The validated gRPC process-host path exists, but provider-aware gRPC readiness should still be hardened beyond the temporary process-host scenario configuration.
Use ExecutionContextSnapshot.TenantId as durable tenant boundary.
Restore tenant context before admission, provider dispatch, recovery, and observability queries.
Keep SharedRunId, LocalRunId, RunId, ExecutionId, and RuntimeInstanceId separate.
Use Redis Lua for critical distributed transitions.
Use admission and tenant-visible capacity before provider dispatch.
Use provider metadata only for transport routing, not tenant isolation.
Treat runtime local queues as volatile.
Recover in-flight work by preserving ExecutionId.
Recover local-queued work by preserving SharedRunId.
Validate replay / ledger / trace after recovery.
Validate safe tenants have normal execution evidence and zero recovery evidence.
Do not let workers own workflow truth.
Do not let runtime processes own durable workflow truth.
Do not treat the local queue as durable recovery state.
Do not collapse SharedRunId and ExecutionId.
Do not create a new ExecutionId for recovered in-flight DAGs.
Do not mark shared queue items dispatched before provider dispatch succeeds.
Do not let transport providers own execution recovery.
Do not route recovery globally across tenants.
Do not use ContextKey as durable tenant partition.
Do not describe gRPC provider as future-only.
- Architecture Overview
- Runtime Instance Provider Model
- HTTP Runtime Provider
- gRPC Runtime Provider
- Runtime Discovery, Registry, and Capacity
- Shared Runtime Controller / Shared Queue Usage
- Distributed Concurrency and Throttling
- Retry and Recovery
- Runtime Process Crash Recovery
- Runtime Recovery Forensics
- Multi-Tenant Runtime Crash Isolation
- Recovery Replay Ledger Trace Proof
- Execution Control State
- Runtime Queue Control
- Retention and Compaction
- Replay and Audit
- Testing Strategy
Do not reduce distributed execution to only worker-level Redis step claiming.

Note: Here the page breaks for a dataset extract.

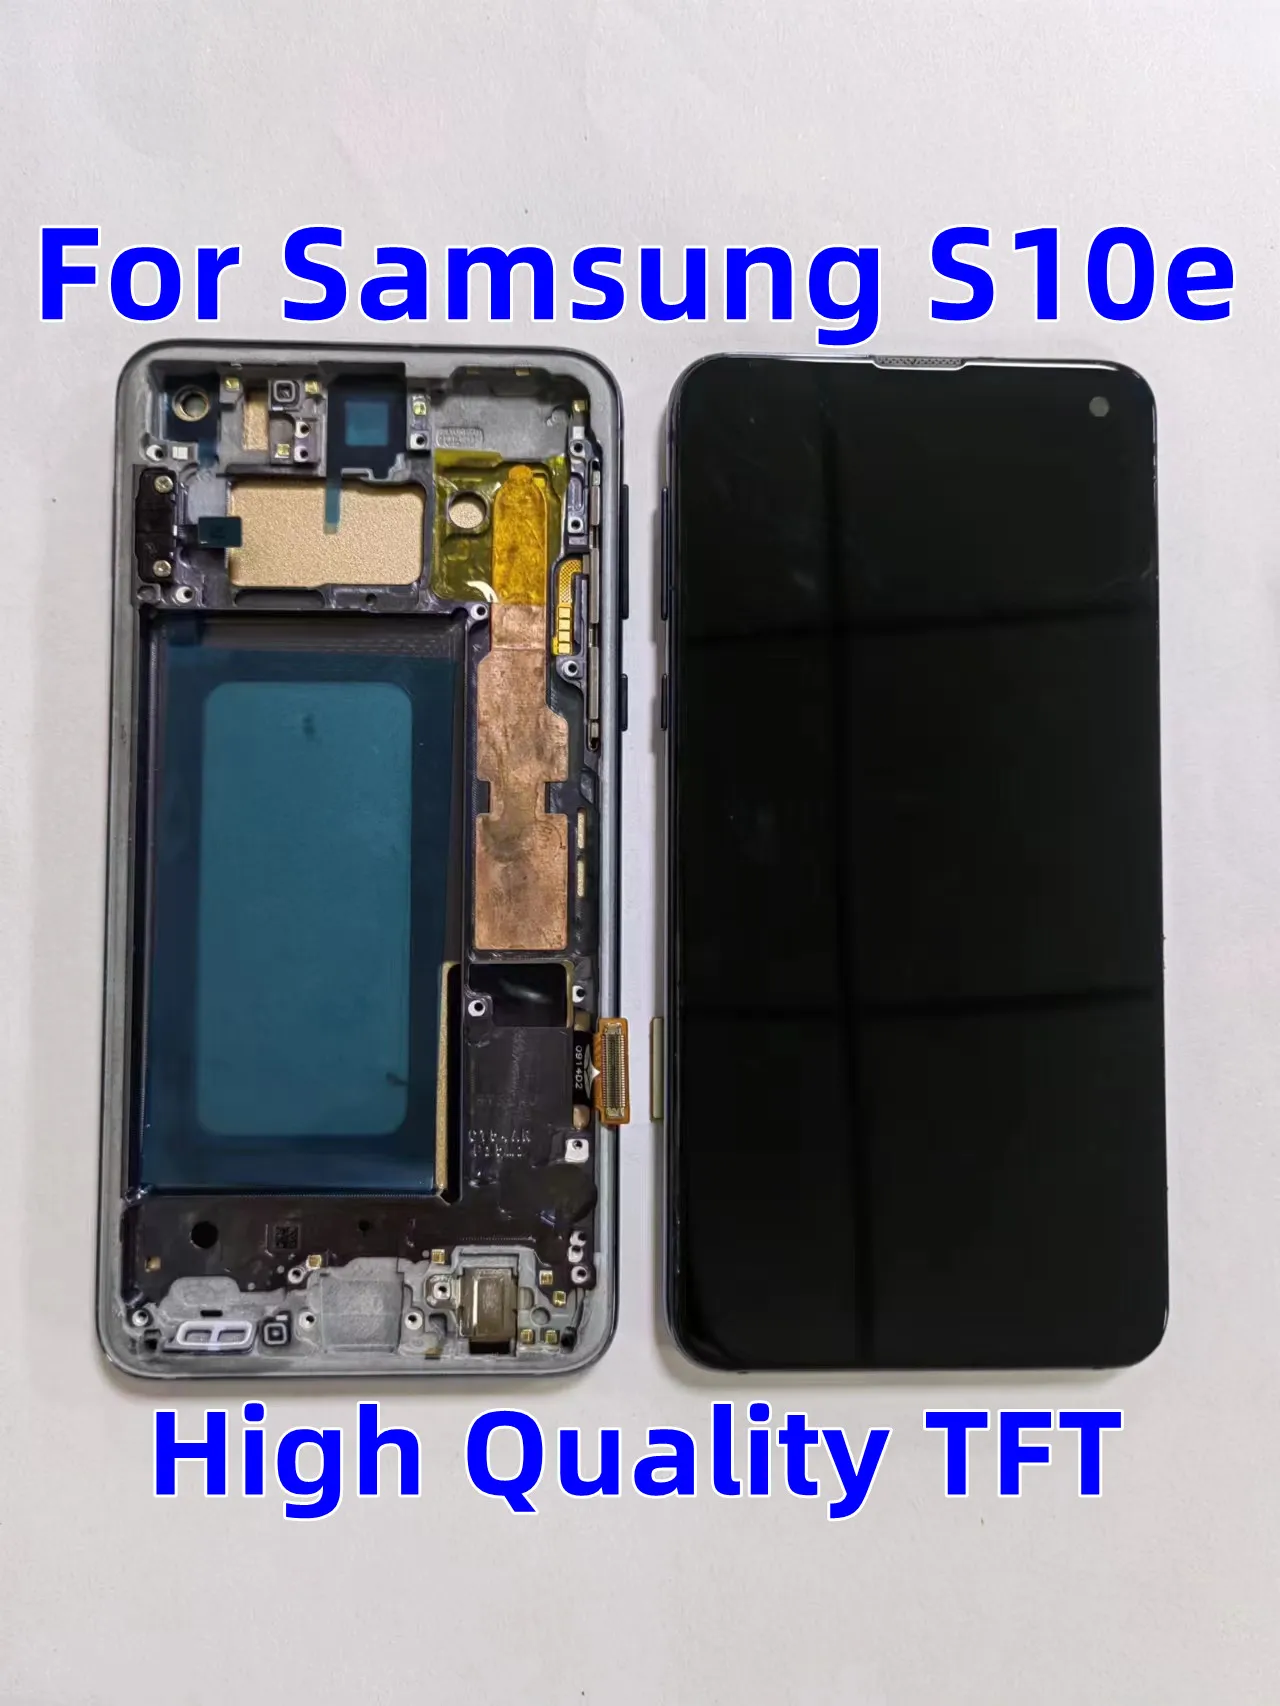 High Quality TFT For Samsung Galaxy S10e G970F G970U Display Touch ScreenDigitizer Assembly with Frame,Face recognition
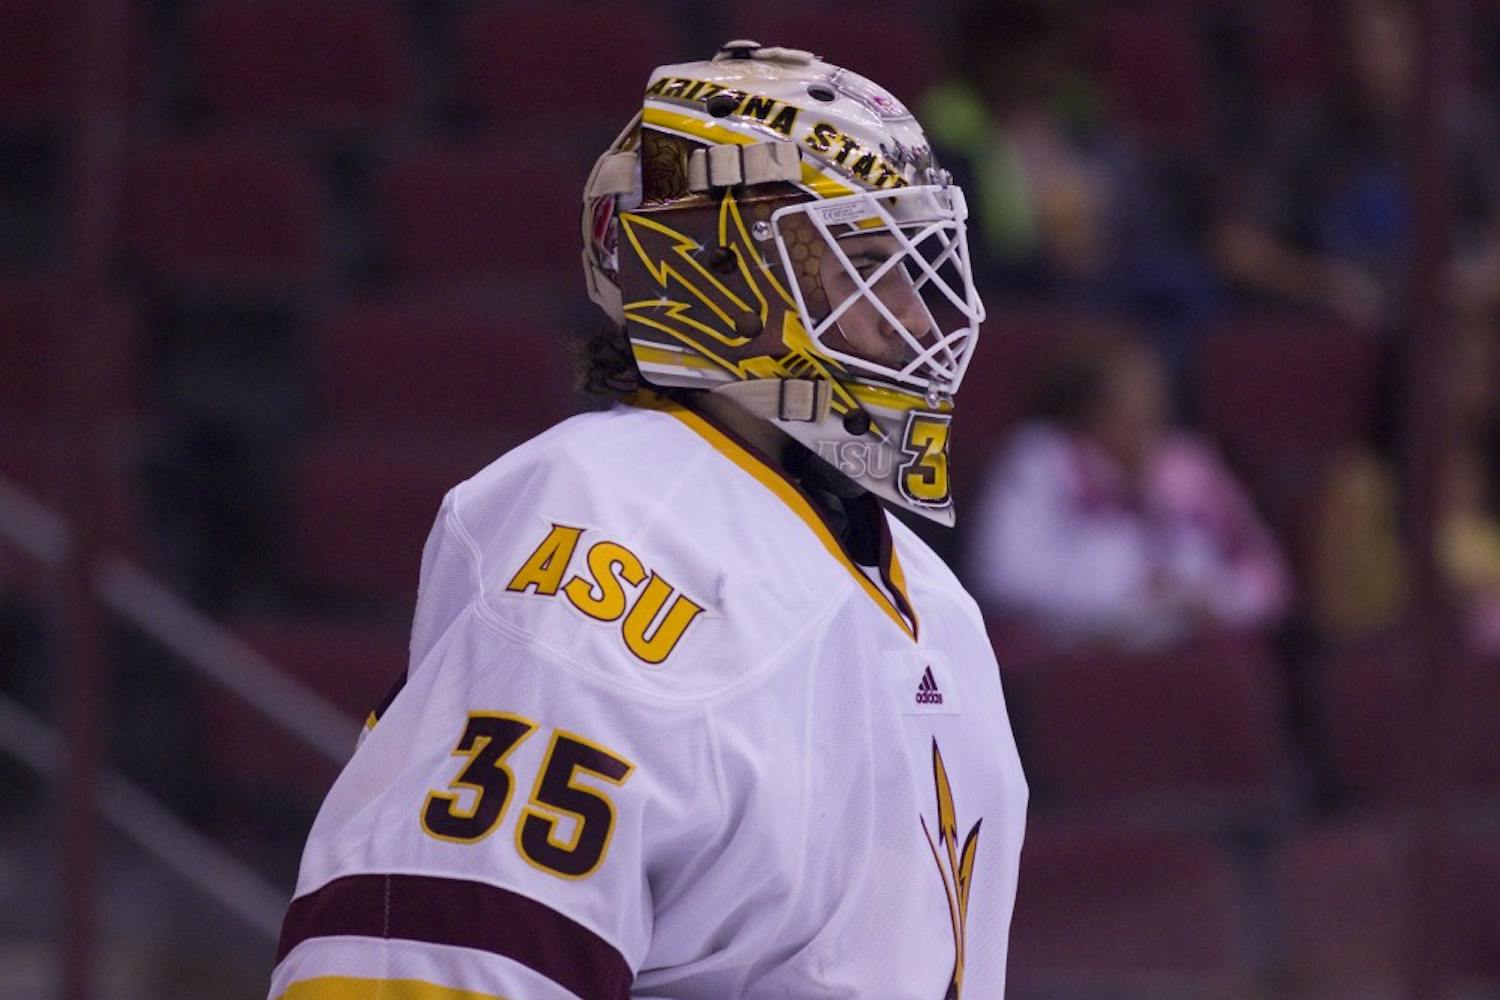 ASU freshman goaltender Joey Daccord (35) looks on to the rest of the ice during the second period of a 5-2 victory against Air Force in Gila River Arena in Glendale, Arizona, on Sunday, Oct. 16, 2016.

The validated distributed execution model includes:
distributed workers
+ distributed shared queue dispatch
+ tenant-aware runtime visibility
+ provider-based transport
+ process-host runtime boundaries
+ runtime health suppression
+ assigned-work recovery
+ replay / ledger / trace / forensics proof
+ safe-tenant non-impact validation
This is the real strength of the multi-tenant runtime engine.